Exercise objective — From the material below, copy exactly the lines beginning with the one that contains "Crucial X9 Pro" and ending with the one that contains "Cruise along Lake Lucerne"; the pictures stay out.

Input records —
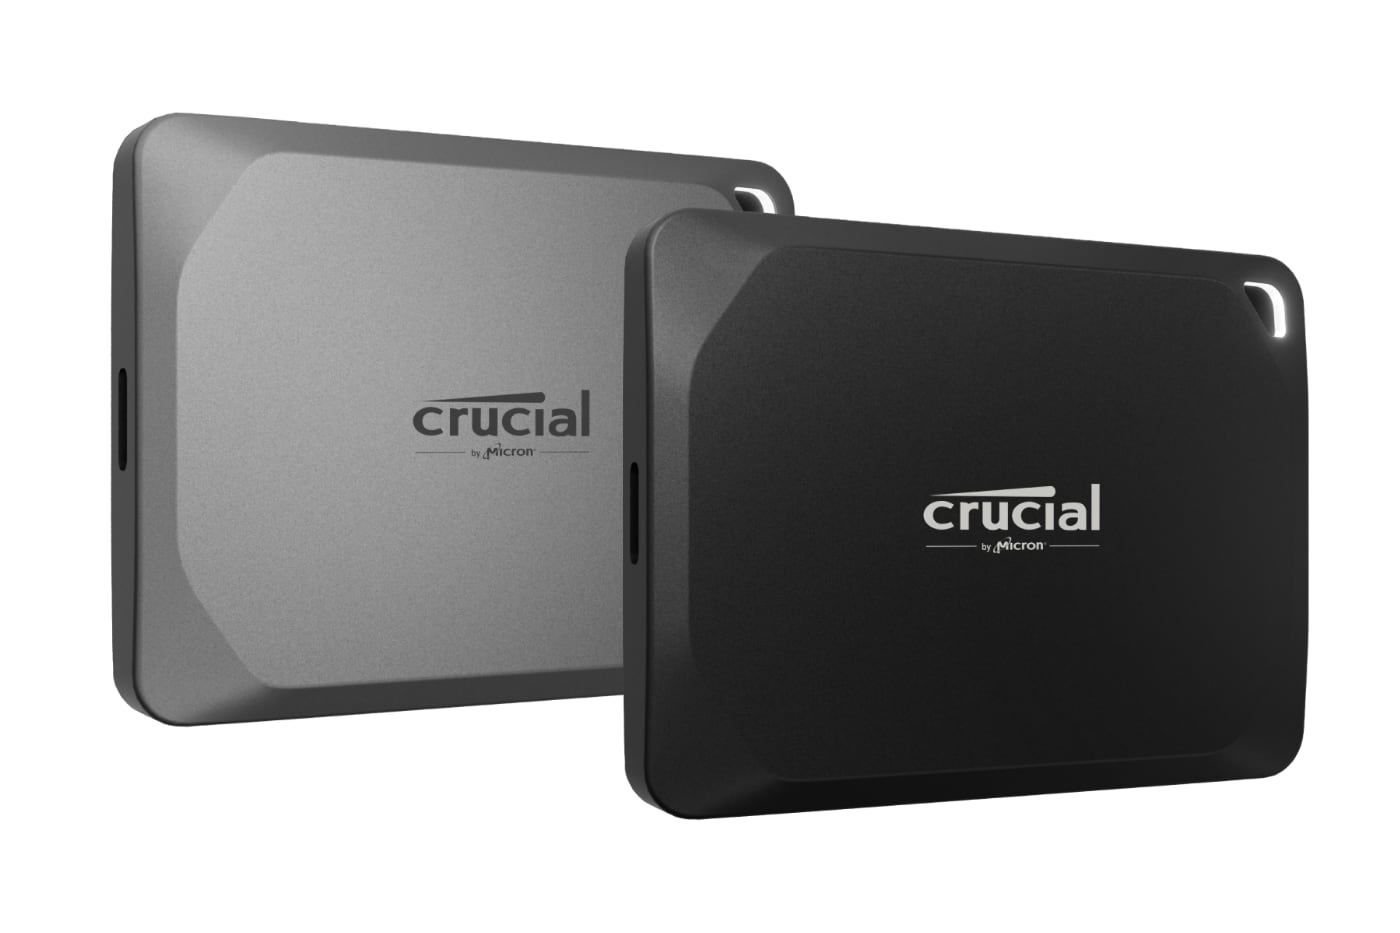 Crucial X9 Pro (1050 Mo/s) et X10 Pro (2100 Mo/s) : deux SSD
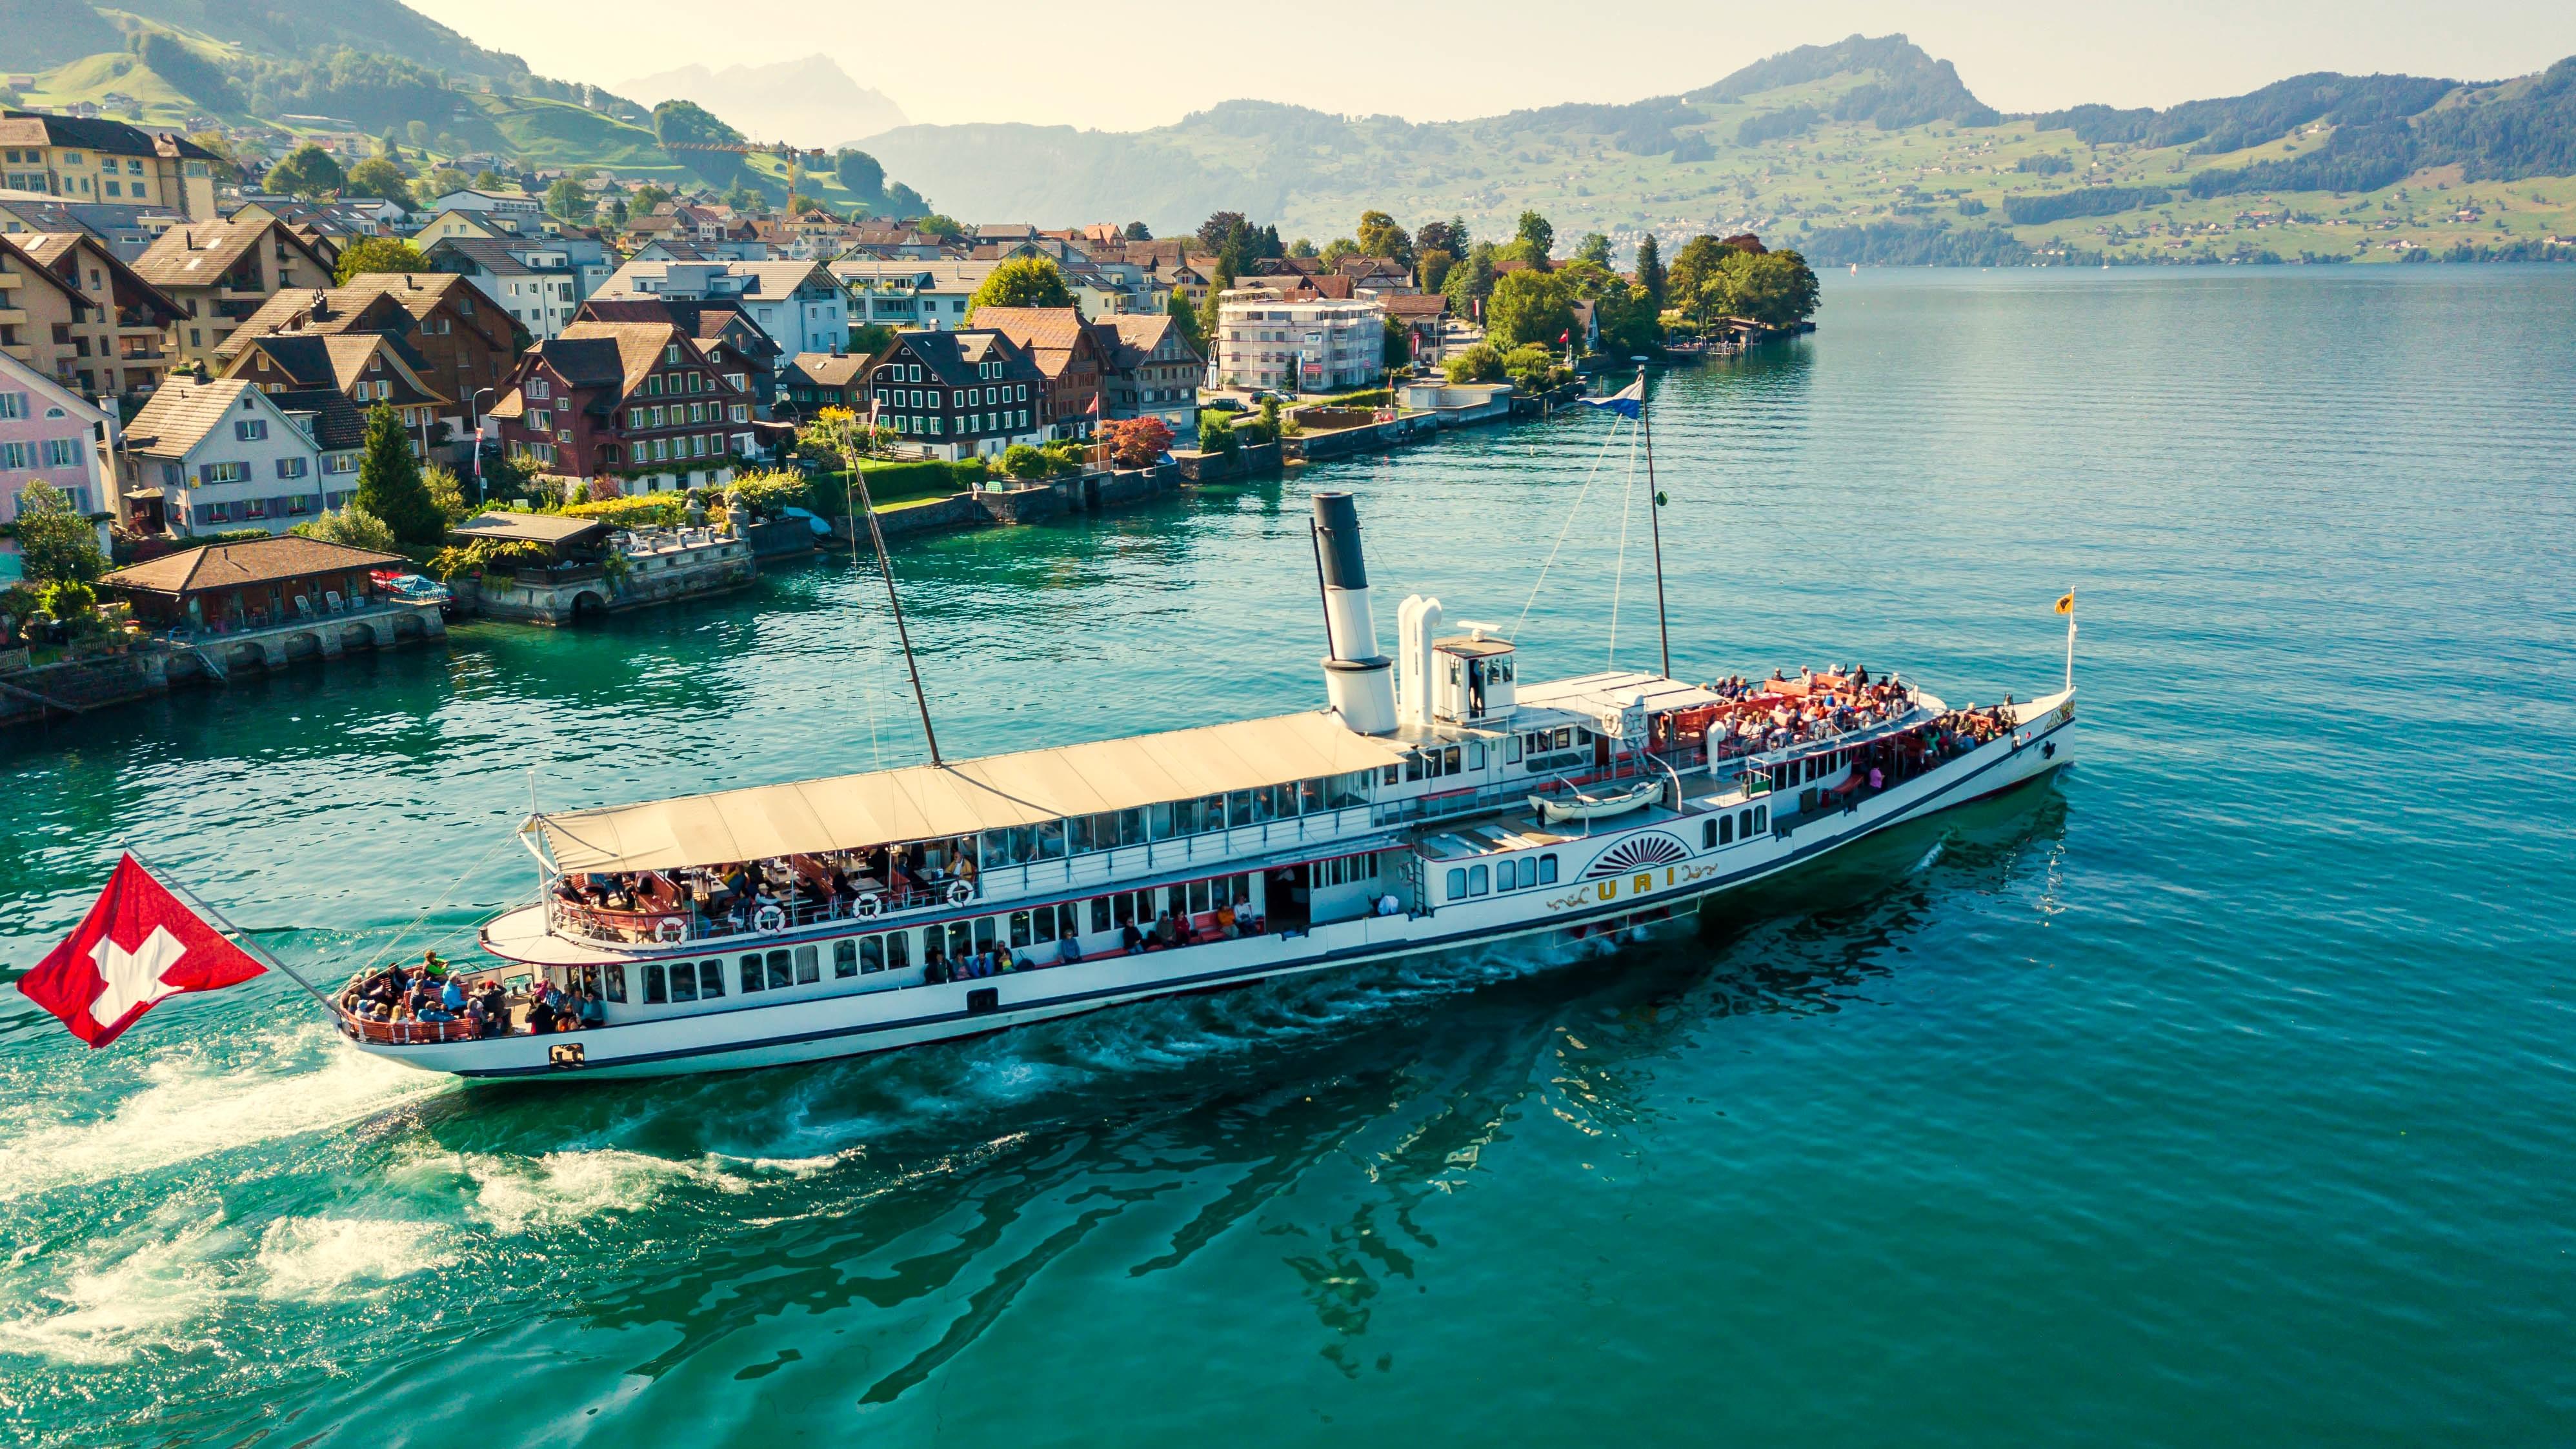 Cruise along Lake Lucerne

...

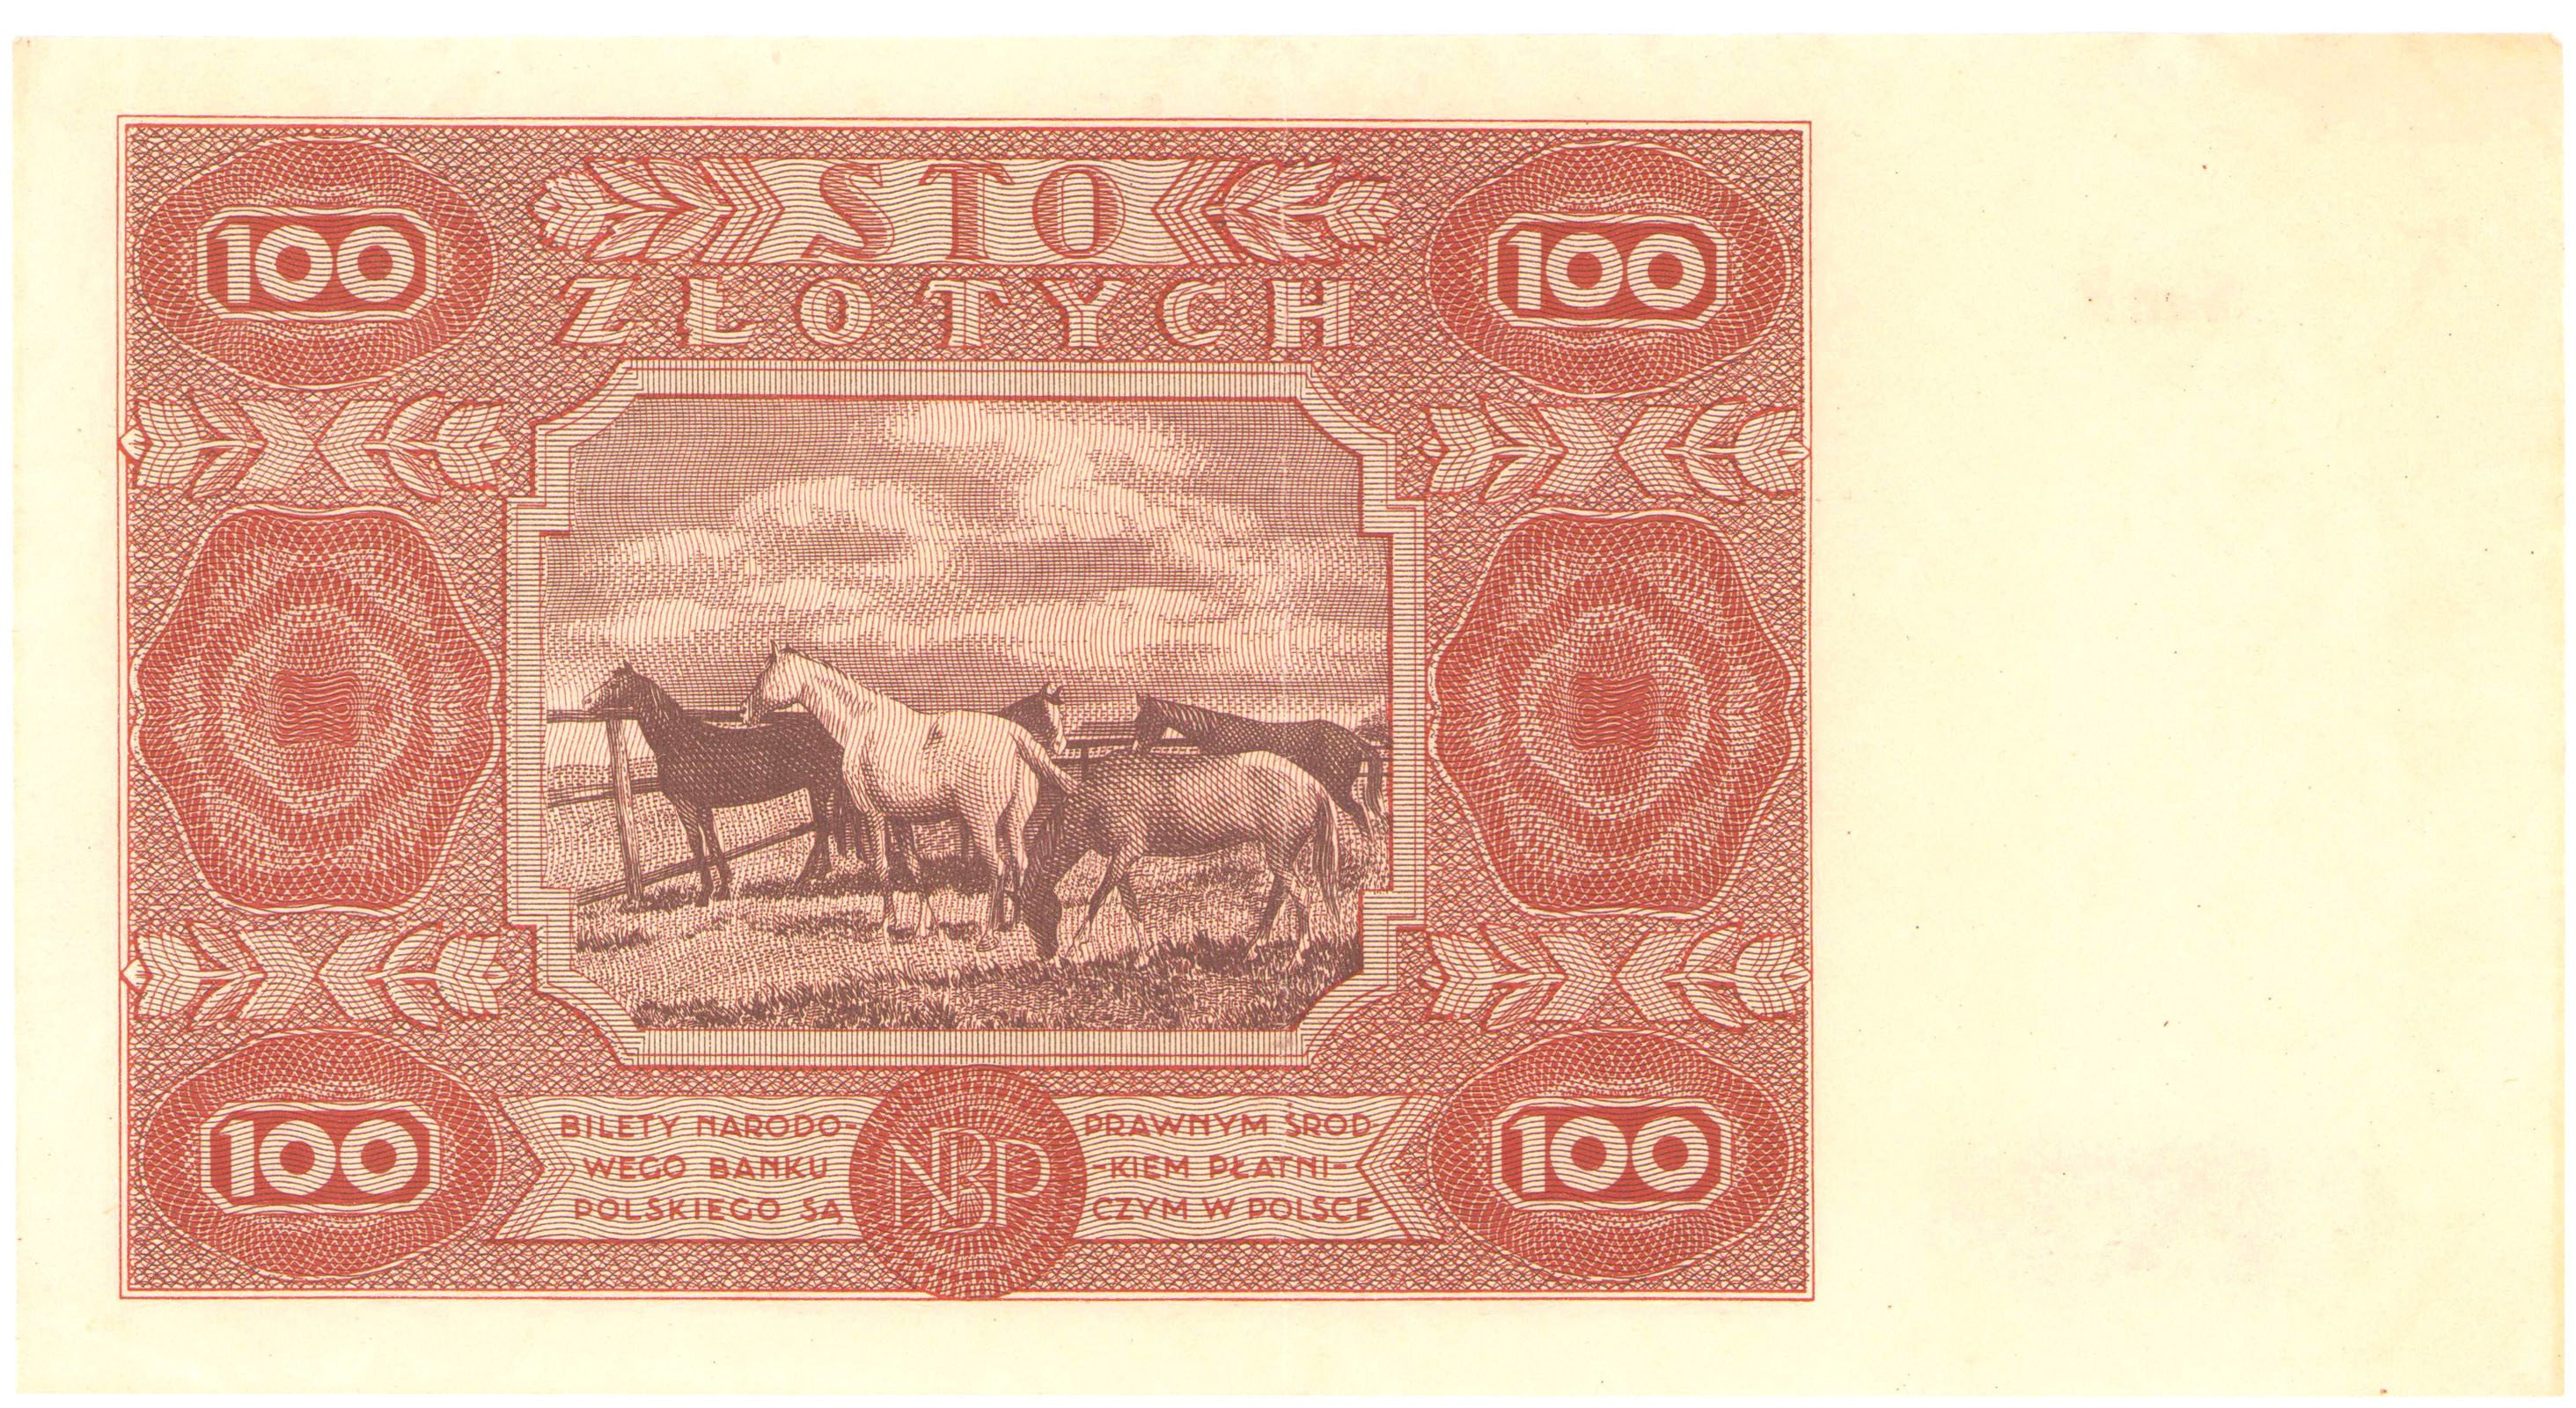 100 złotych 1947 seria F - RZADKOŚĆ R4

Output below —
 Crucial X9 Pro (1050 Mo/s) et X10 Pro (2100 Mo/s) : deux SSD
 Cruise along Lake Lucerne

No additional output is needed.